Exactly the lines below, starting with the one containing "Giant Hairy Scorpion" and going on through the one containing "#育児漫画 #育児絵日記", must be reproduced, both ends included, and no pictures with them.

SUPPLIED RECORDS

━━━━━━━━━━

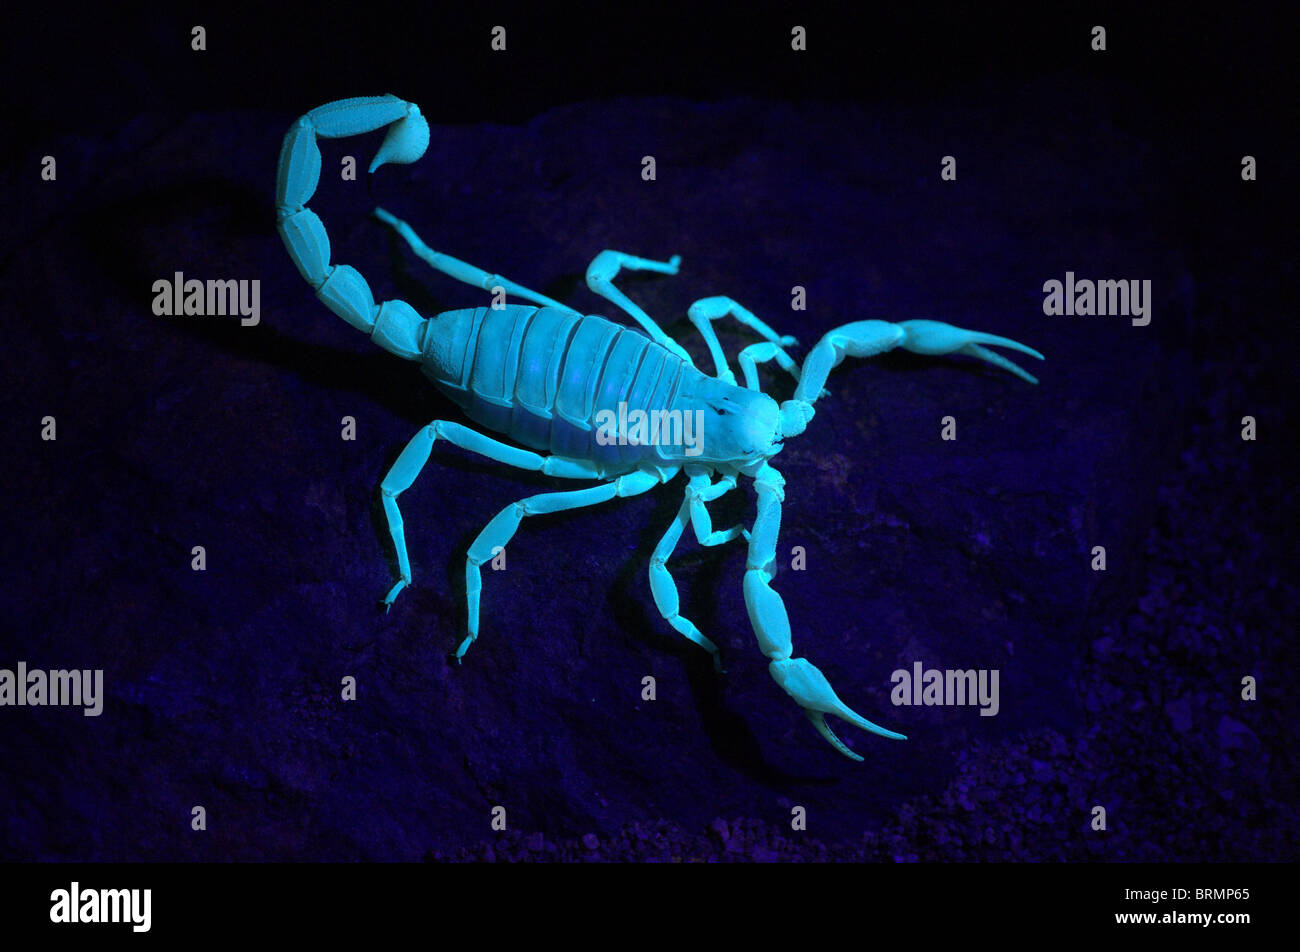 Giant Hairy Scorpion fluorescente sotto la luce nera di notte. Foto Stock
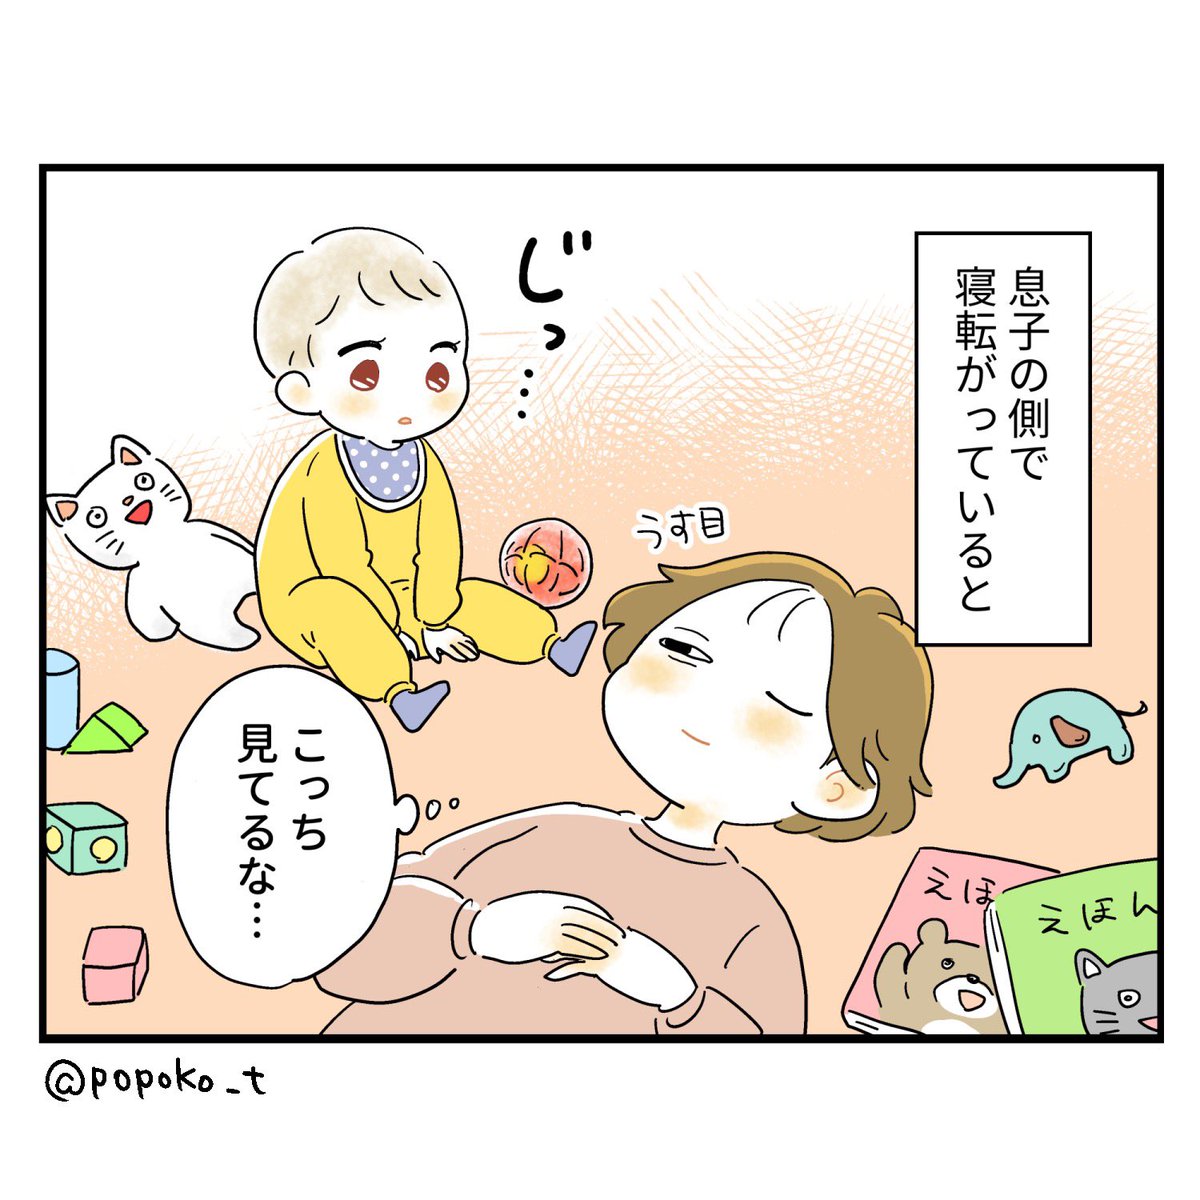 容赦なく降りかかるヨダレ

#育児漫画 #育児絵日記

━━━━━━━━━━

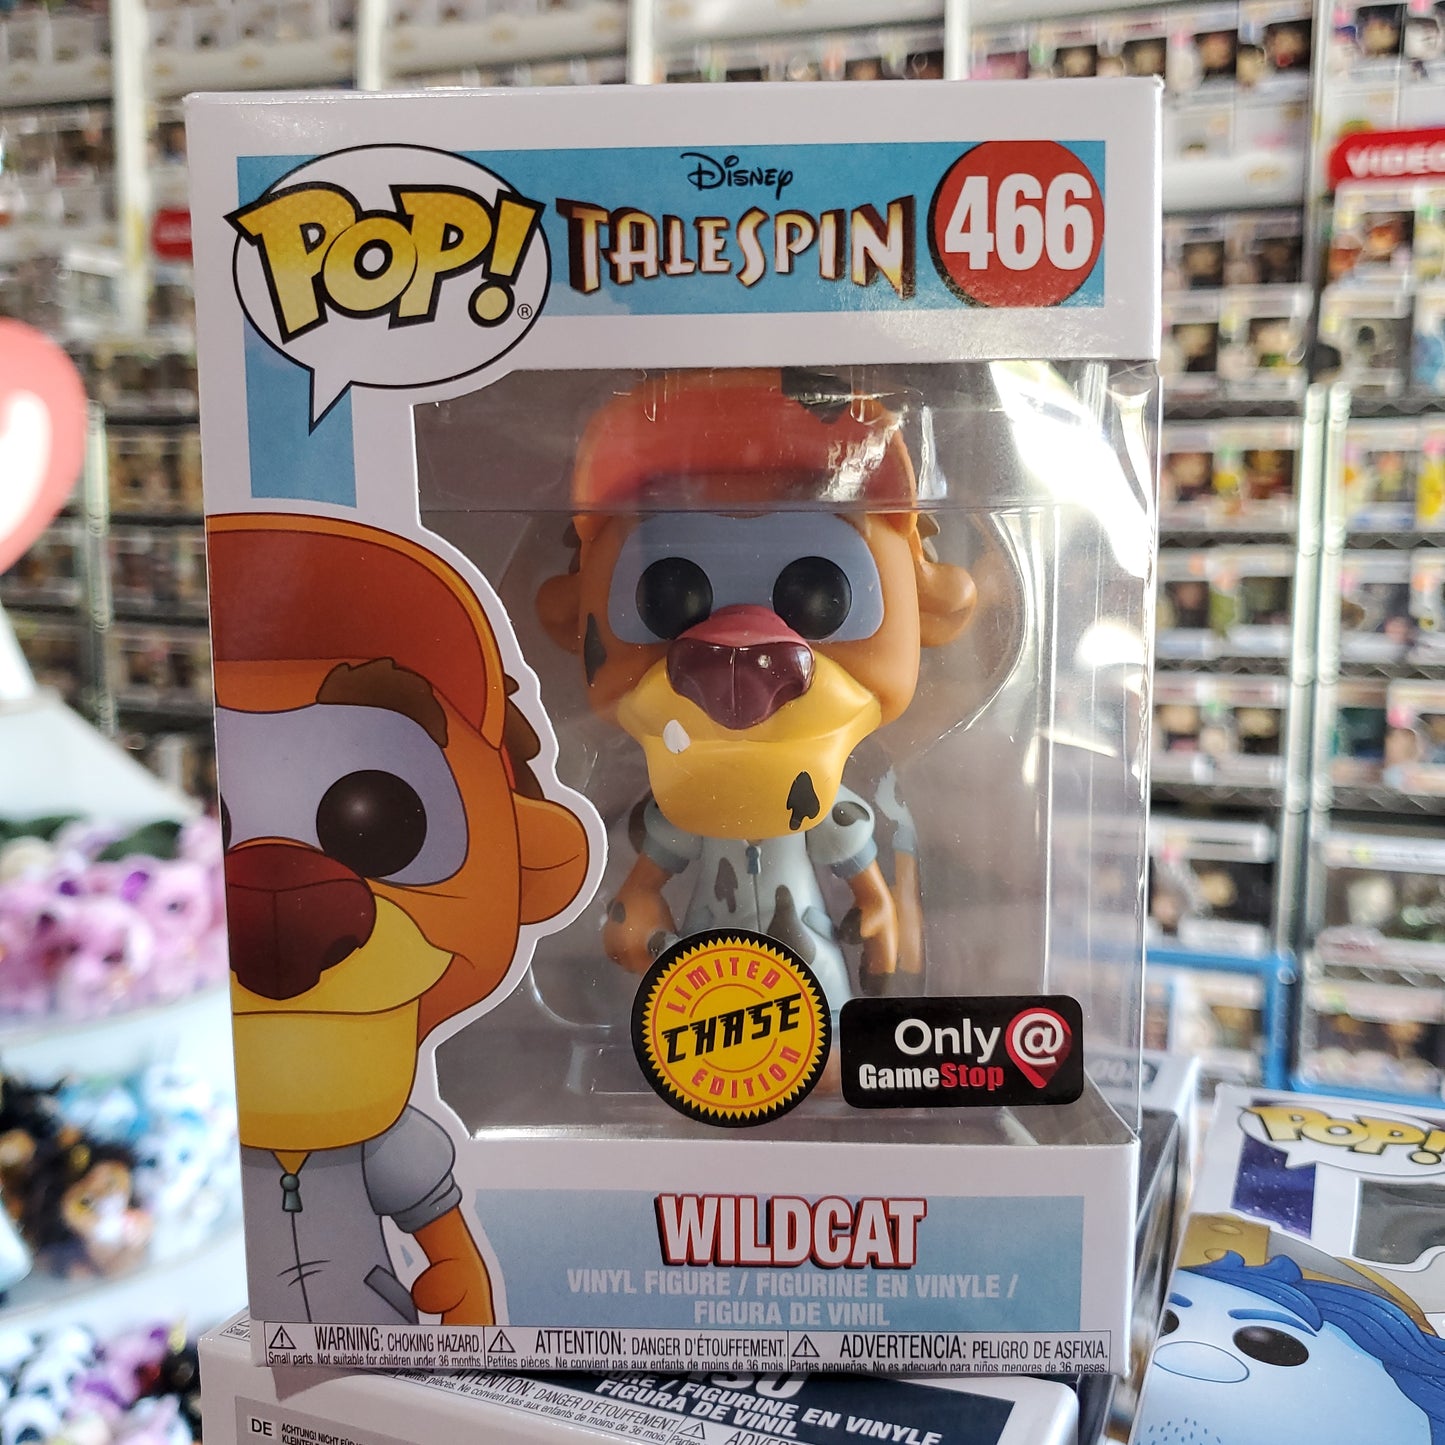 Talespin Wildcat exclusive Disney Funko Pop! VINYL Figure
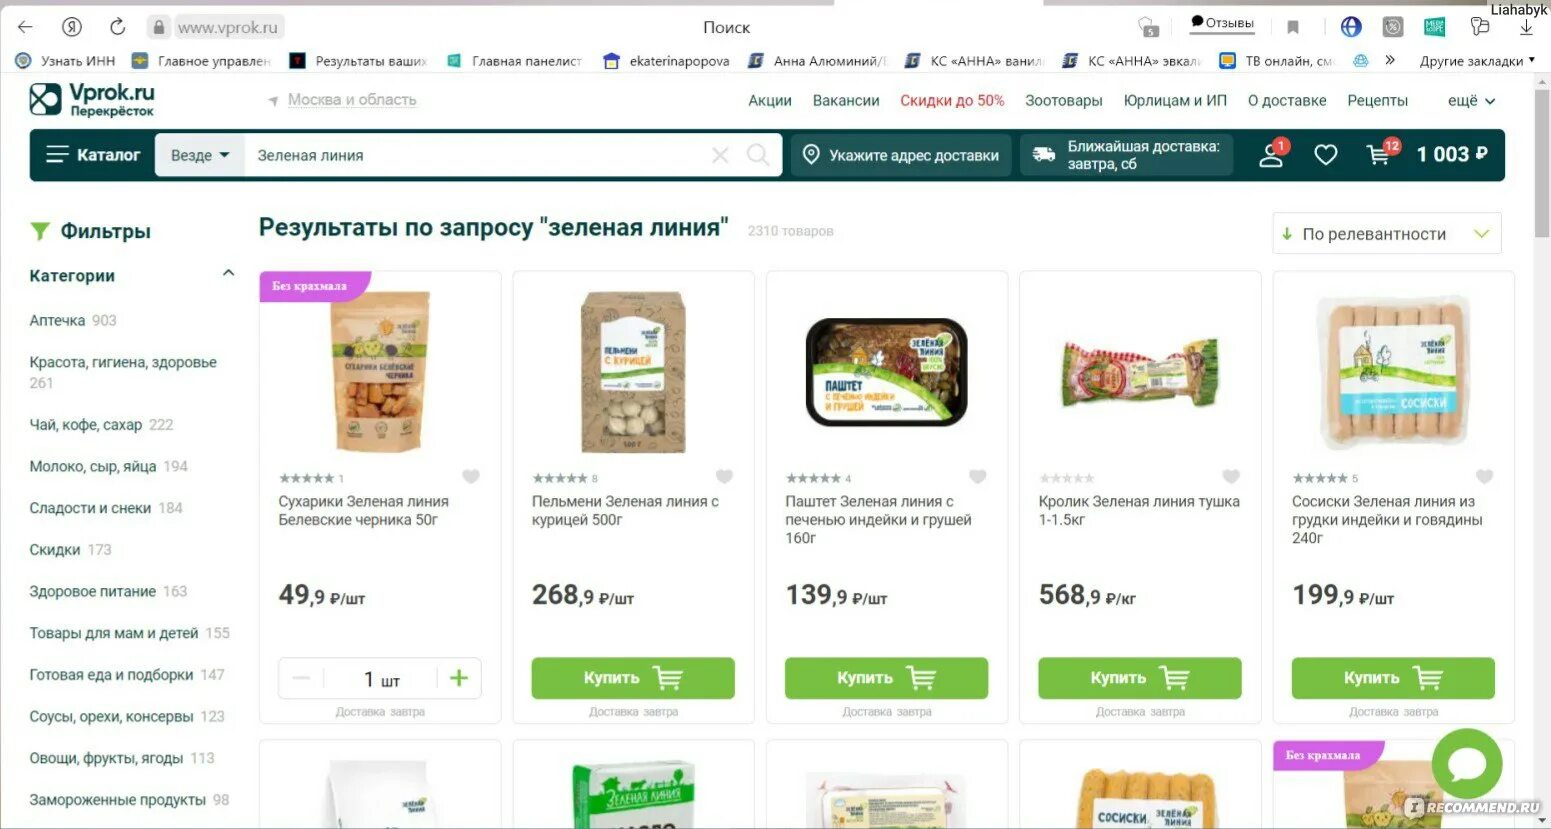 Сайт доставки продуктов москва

━━━━━━━━━━

TASK RESPONSE
 Giant Hairy Scorpion fluorescente sotto la luce nera di notte. Foto Stock
 容赦なく降りかかるヨダレ

#育児漫画 #育児絵日記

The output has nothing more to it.